Previously. this could not be done without either database structure changes or application code changes or both. Potential solutions could involve partitioning the database table, which could help with performance, or changing the application queries to access different databases/tables in order to get current vs. archived data. Both potentially time consuming and intrusive remedies.
The Stretch Database functionality introduced in SQL Server 2016 uses Microsoft Cloud Services to make data archiving that is seamless to your applications possible. I have worked with Stretch DB in a lab environment and found that it has potential to solve some challenging data archiving problems.
Stretch Database is a new SQL Server feature that uses a hybrid of on-premises and Microsoft Azure databases to create a data archiving solution without of the above mentioned architecture changes. Using a simple configuration process, Stretch DB allows you to customize a process to move older SQL Server data to an Azure SQL database, freeing up local database space and speeding queries for current data. With Stretch DB, the location of the data is transparent to a query, making archived data and current data available to existing applications without any changes.
There are some limitations to Stretch Database, however. Here is a short list.
Stretch DB cannot migrate from a table that has another table referencing it with a foreign key. That is, a parent table in a parent-child relationship cannot be migrated, even if its children rows are already migrated.

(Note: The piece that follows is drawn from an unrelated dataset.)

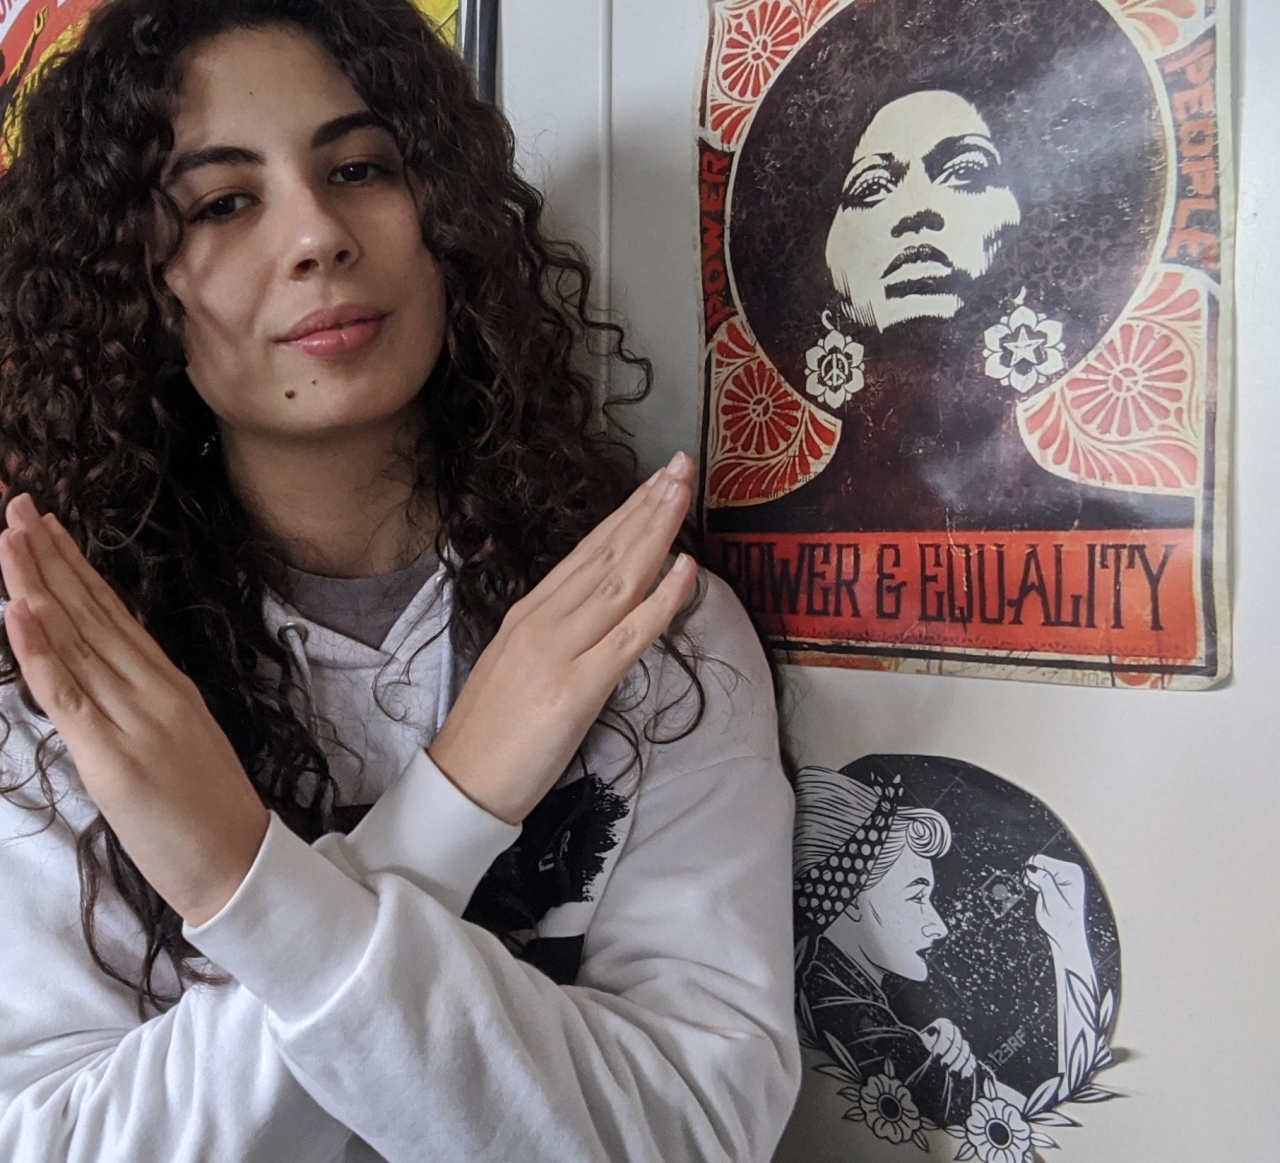 Woman standing next to a poster that reads Power & Equality, crossing her arms

Primary key and unique key constraints are not enforced in the Azure table. They are still enforced in the source table, however. But if a row exists in the Azure database, another row can be inserted into the source table with the same unique key value. And the duplicated row could be migrated to Azure despite its duplicate unique value.
Some datatypes (timestamp, XML) and column types (computed) are not allowed in a Stretch DB table.
There are other limitations to using Stretch Database. See the “Limitations …” link in the Resources section for a complete list.
There is a wealth of information on the web showing how to set up Stretch Database. So, I will not go into that in this blog, but will instead concentrate on one feature of Stretch Database. The Predicate feature allows filtering of the data that will be moved to the archive database. With filtering, you can configure which rows should be migrated based on some business logic. Without filtering, all of the rows in the source database will be moved to the Azure archive.
During the setup you will be presented with the following panel:
In order to continue, you must select the table or tables you want to stretch and then click on “Entire Table” in the migrate column for each table selected.
The default behavior is to migrate the entire table. If the “Choose Rows” radio is not checked, all rows will be moved to Azure.
To filter the rows to migrate, check “Choose Rows” and enter a name.
Select a column to filter from the “Where” drop down.
Then select an operation (equal, greater than, etc.) from the drop down and a value to check against.
Here, I picked a date column, selected the less than or equal to operation, and typed a date value.
The “Check” button does a syntax check of the entered settings.
It didn’t like the single quotes around the date here. Removing the quotes allowed the check to succeed.
Note that SQL Server creates a Table-valued function in your source database from these configured values. So, if you have naming conventions that you adhere to, you may want to pick a name that conforms to those conventions.
This is the function code generated by the above configuration:
The parameter @TransactionDate is derived from the column selected in the “Where” drop down.
And SCHEMABINDING is required to prevent columns referenced in the function from being altered.
Stretch DB filtering utilizes a CROSS APPLY between the source table and the function to select eligible rows to be migrated.
Rows returning from the query with an is_eligible value of “1” will be moved to Azure.
Once these setup steps are completed, the table data begins to migrate to Azure.
You can also add a Stretch DB filter to a table using T-SQL.
Create a function with the desired filter logic in your source database similar to the example above.
Then execute an ALTER statement against the source table setting the function in the “FILTER_PREDICATE” clause.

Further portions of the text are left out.